Themes and questions
Themes and Questions
Margaret Mead's "Coming of Age in Samoa" presents thought-provoking themes that challenge our understanding of adolescence. By examining cultural influences on development, she raises key questions about the nature of growing up and the factors that shape our experiences.
Central claims
- Nature vs. Nurture: Mead explores whether adolescence is universally stressful or culturally determined.
- Samoan Adolescence: She concludes that Samoan girls navigate adolescence more easily due to their culture.
- Community Raising: Extended family involvement in child-rearing is highlighted.
- Openness to Life: Samoans are open about life events, including birth and death.

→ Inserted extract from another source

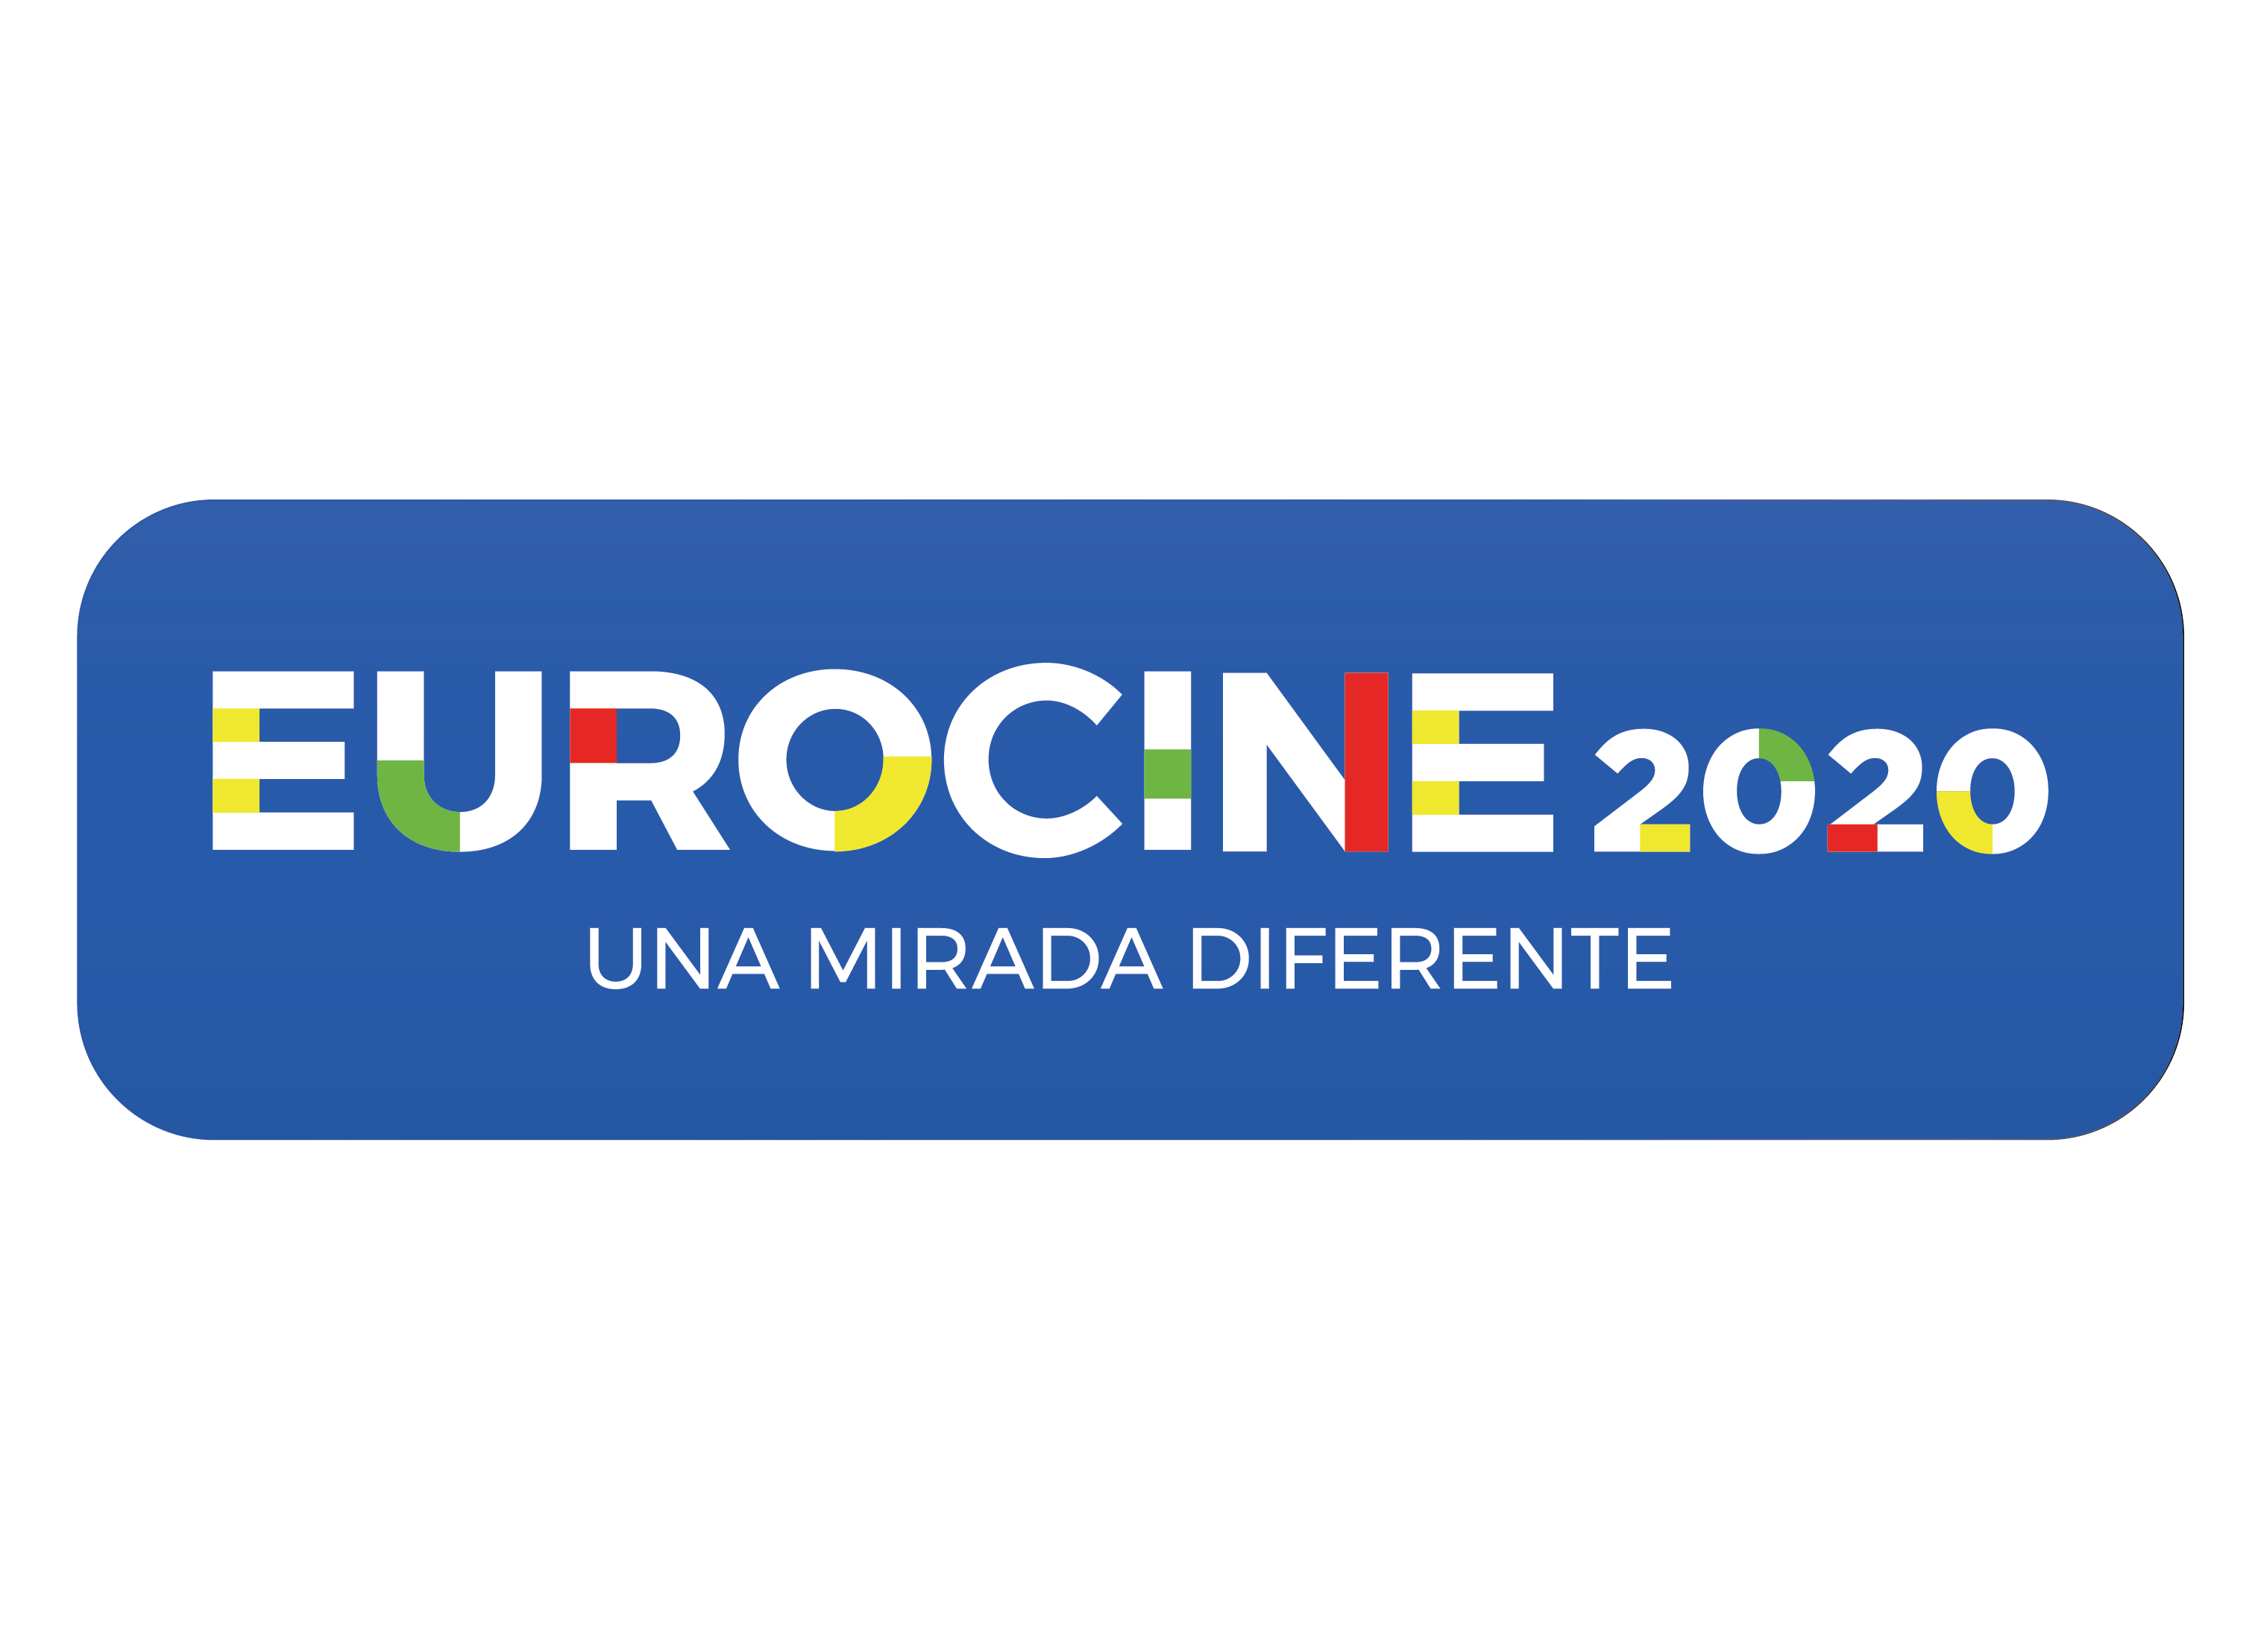 El festival de Eurocine inició en el año 2000 impulsado por la Delegación de la Unión Europea en Guatemala y varias embajadas de los Estados Miembros de la Unión Europea acreditadas ante el país. (Foto Prensa Libre: Cortesía Eurocine)

- Cultural Comparison: Mead compares Samoan and American adolescent experiences.
Motifs & problems
Mead's work is marked by motifs of openness and community involvement. However, her depiction of Samoan life has been criticized for romanticizing and downplaying complexities, such as adolescent sexuality and social hierarchy.
Study questions
- How does Mead's work contribute to the nature vs. nurture debate?
- What role does community play in Samoan child-rearing?

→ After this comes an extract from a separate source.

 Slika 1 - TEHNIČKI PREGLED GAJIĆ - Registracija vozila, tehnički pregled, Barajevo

- How does Samoan culture compare to American culture regarding adolescence?
- What are some criticisms of Mead's portrayal of Samoan life?
- How does Mead's work affect our understanding of adolescent development?

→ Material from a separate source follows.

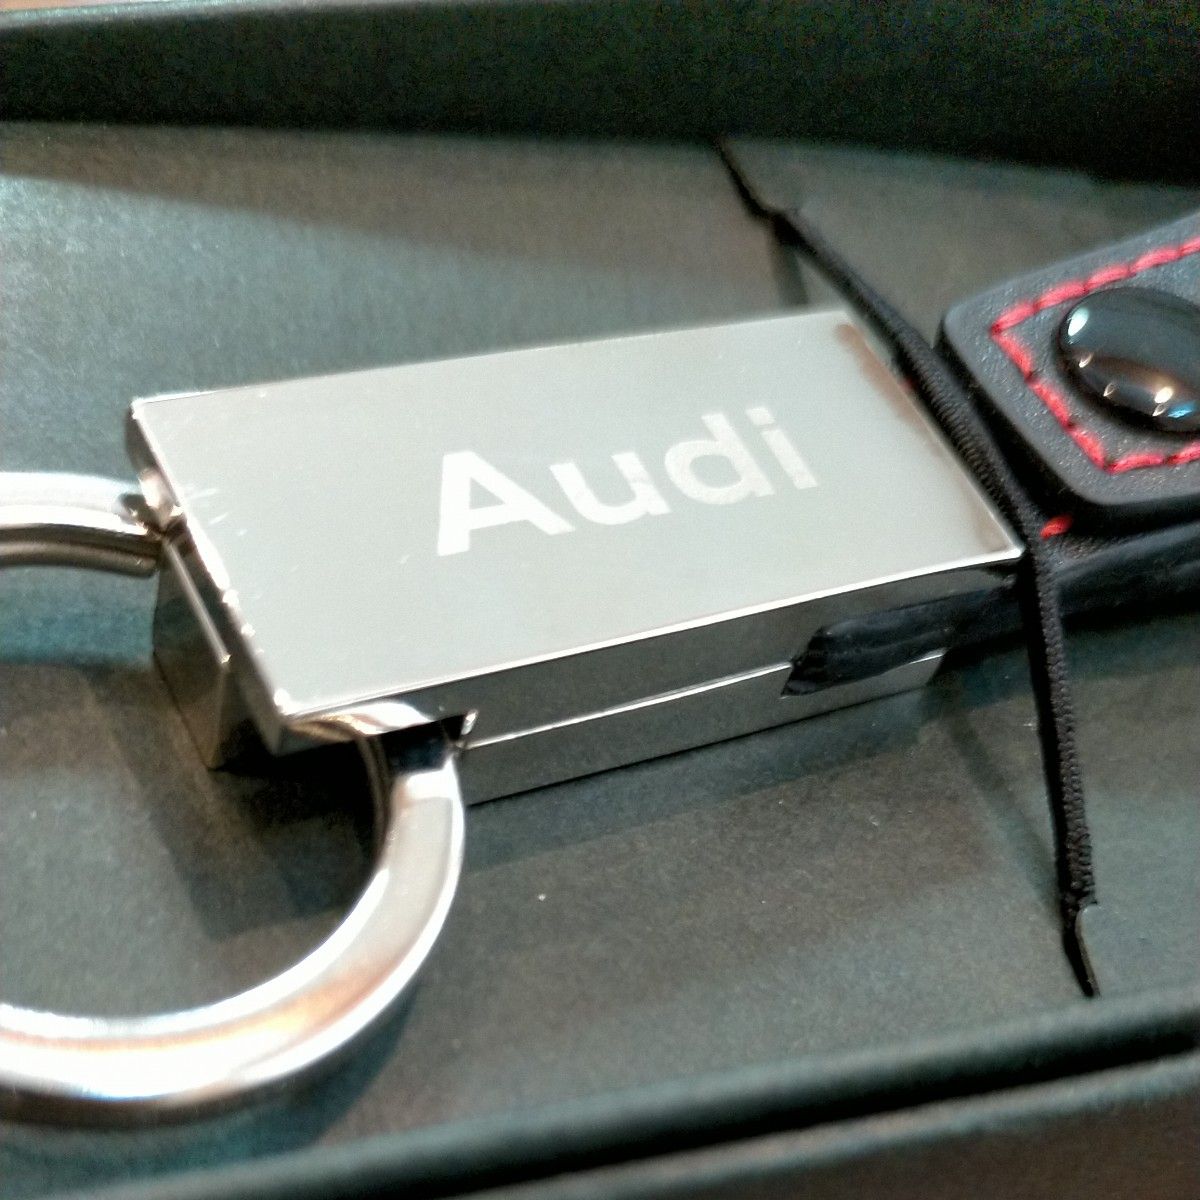 アウディ Audi キーホルダー キーリング レザー 革 キーリング キーケース アクセサリー 車 ノベルティ

Interpretation, close reading & resources
Critical approaches & debates
Coming of Age in Samoa has been a focal point for diverse critical readings. Feminist scholars appreciate Mead’s challenge to Western norms of adolescent sexuality and gender roles, highlighting cultural relativism. Postcolonial critiques analyze how Mead’s romanticized portrayal can exoticize Samoan life and inadvertently support imperialist narratives. Marxist perspectives tend to focus less on Mead’s textual approach but interrogate the socio-economic structures around her fieldwork. There is intense debate over the accuracy of Mead's observations, especially following Derek Freeman’s critique, which argued that Mead misrepresented Samoan sexuality and social conflict, accusing her of idealizing a conflict-free adolescence. These debates raise important questions about ethnographic reflexivity and the politics of representation.
Key passages
A key passage vividly describes Samoan adolescent girls’ experience of sexuality contrasted against Western norms. Mead opens with a metaphor of dawn and nighttime lovers returning home quietly, illustrating a "Walk of No Shame" after sexual encounters. This scene sets the tone for her argument that Samoan youth undergo adolescence without the turmoil seen in American culture, emphasizing cultural variation in developmental experiences. The passage’s function is to challenge assumptions about adolescence as inherently stressful and to foreground cultural context in human development.
Bibliography
Margaret Mead, Coming of Age in Samoa: A Psychological Study of Primitive Youth for Western Civilisation, New York: William Morrow & Company, 1928 (various editions, e.g., 1961 reprint). Derek Freeman, Margaret Mead and Samoa: The Making and Unmaking of an Anthropological Myth (1983) critiques Mead’s account. Recent scholarship includes Deborah Beatriz Blum’s Coming of Age: The Sexual Awakening of Margaret Mead (2017), which examines the biographical and methodological disputes surrounding the work.